Remember when we were kids and there were so many things new to us? That's how I feel when I travel. It's unfamiliar and yet I welcome it. 

There are a few caveats, though. Age is catching up to me and I probably only have a few more of these international respites in me. As much as I love it, it does take a lot of energy. And there is the financial component. I do my best to conserve finances including traveling off-season which helps. But it all still costs money. Now that I'm fully retired, I'm on a fixed income so that places limits.

I've been to many places so I can't and won't complain. I'll just relive the memories when I need a little getaway.


----------



## hollydolly (May 17, 2022)

Leann said:


> Sounds crazy, I know, but an international trip for me both excites and calms me. I enjoy the anticipation leading up to the trip including researching the places I'd like to see then the travel itself. Arriving in a foreign country stimulates all of my senses. I take it all in. Once I get to the hotel, drop off my luggage in my room and freshen up, I start my exploration.
> 
> Remember when we were kids and there were so many things new to us? That's how I feel when I travel.
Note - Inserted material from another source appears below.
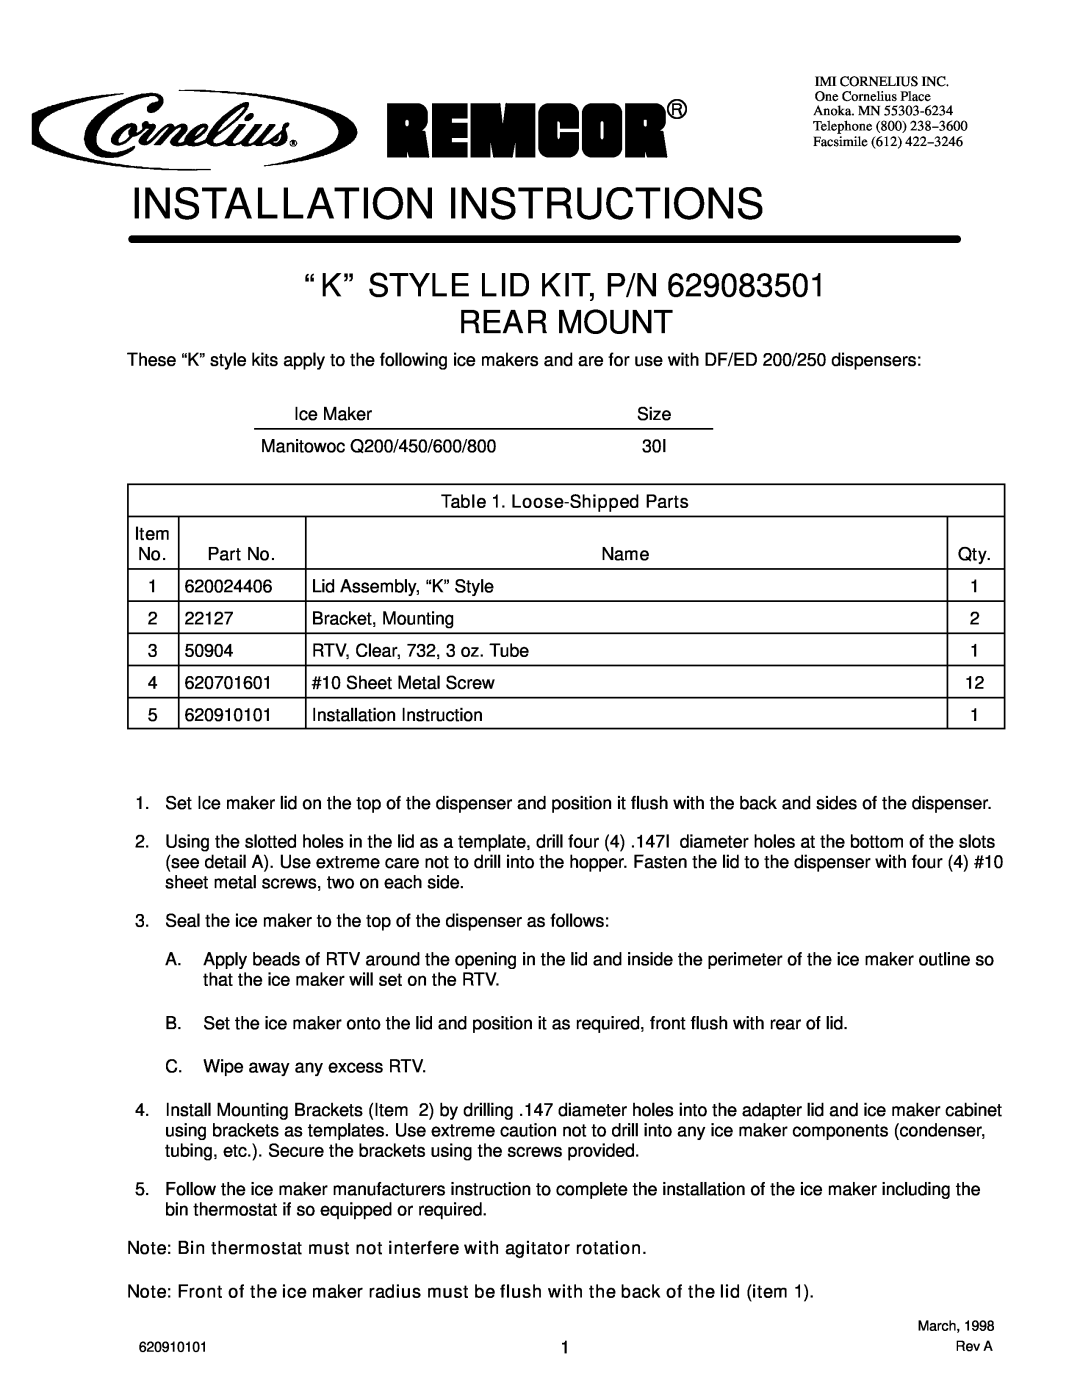 Cornelius P/N 620910101 installation instructions Installation Instructions, “K” Style Lid Kit, P/N Rear Mount, Name

It's unfamiliar and yet I welcome it.
> 
> ...


I do exactly the same as you Leann , when I arrive at a new place overseas... drop my bags and off out exploring.. .. however in answer to the OP. I do go away for a couple of days here or there but never overseas.. Just to  an English/ Scottish or Welsh Coastline... or take a train to France  for a couple of days..  not Paris, I hate Paris, but  there's many other places to visit just on a 2 or 3 day trip... without having to take a plane..


----------



## Leann (May 17, 2022)

hollydolly said:


> I do exactly the same as you Leann , when I arrive at a new place overseas... drop my bags and off out exploring.. .. however in asnwer to the OP. I dod go away for a couple of days here or there but never overseas.. Just to  an English/ Scottish or Welsh Coastline... or take a train to France  for a couple of days..  not Paris, I hate Paris, but  there's many other places to visit just on a 2 or 3 day trip... without having to take a plane..


That's one of the many things I love about Europe, the relative close proximity of many other countries that can be reached by train, car or plane.


----------